I would guess that the expliciation effect would allow to extract from your brain more. I would however be pessimistic on how it affects your psyche structure and mental habits, both long term effects.A good harvest but poor growth soil.

How did you learn to think without verbal structure? That sounds very interesting and possibly useful.

I never had a goal of learning to think without verbal structure. I would just be thinking very hard and in long marathon sessions. Then I would find the smallest nuances and distinctinos matter, a lot like collding particles with gigatons of energy to find out that a mass with vanishing quantity seems to be missing.

I would find that I made some interference when pressed and I couldn't attribute it to any formal process. Search for the motivation for the alien thoguhts usual found a formal process that would be sympathetic to the end result. If it happened quickly enough I wouldhave just thought that I must have had thought taht thought wityh words as i can treat it afterwards as being equivalent to a verbal argument. However when this happened often enough I noticed that there was a delay or rather a small time that I didn't have any verbal representation but my thinking didn't seem to break down: I would still be confident that such an explanation would come forth but I could not be honest in beliefing that the representation would come/be first and the functionality second. It was as if the program was executing first and then later the source code would be written. In theory there is no snowball chance in hell for it to work like that but having empirical firsthand evidence that my brain didn't melt down or divide by zero, I knew I would need to hear the story the evidence was telling instead of the explanation I was used to give.
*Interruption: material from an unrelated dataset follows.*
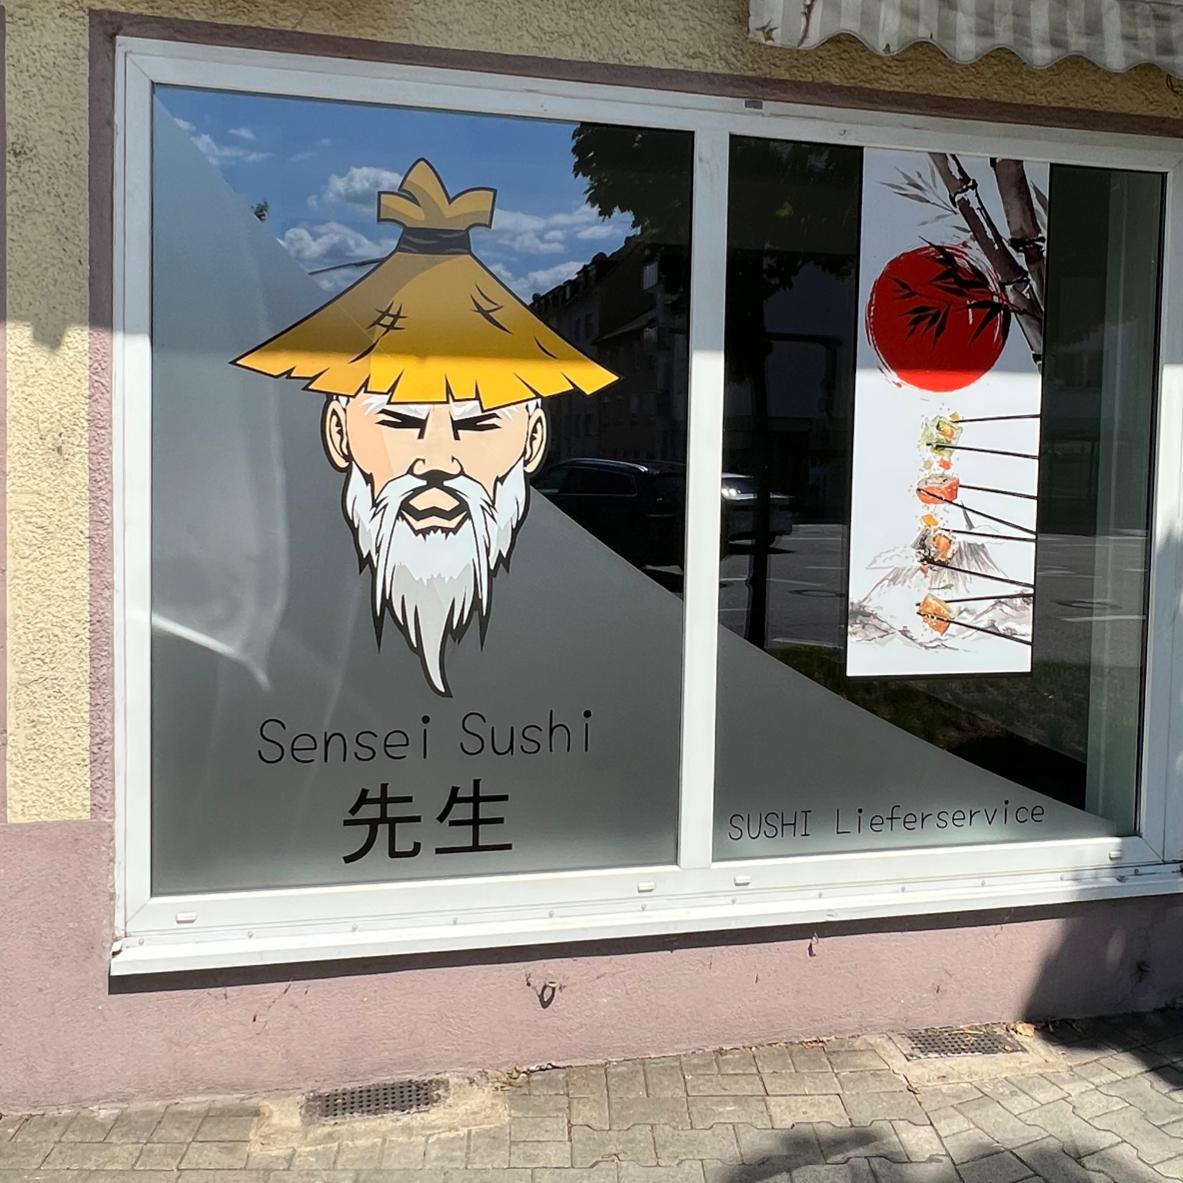 Restaurant "Sensei Sushi" in Pforzheim

This behaviour was most apparent where multiple trains of thought could be given a sympathetic backing. If you do a math homework, the middle steps don't matter (or atleast should not). You can just omit the middle and pretnd they don't exist (the issue on which level of omission is appropriate). But when there are multiple valid options such as what TV channel to watch next what middle steps are triggered will "matter", a view where they get omitted would be probabilitistic. Having such a juncture point and treating your "middle steps" as a black box as correlating the outcome to external facttors can give clues what goes on in the black box. "I pick a channel" isn't one elementary action but "I pick a channel in the morning" and "I pick a channel when tired" will come two distinct but more well defined operations. And hold you have deduced that the alertness level seems to be a relevant factor in this process.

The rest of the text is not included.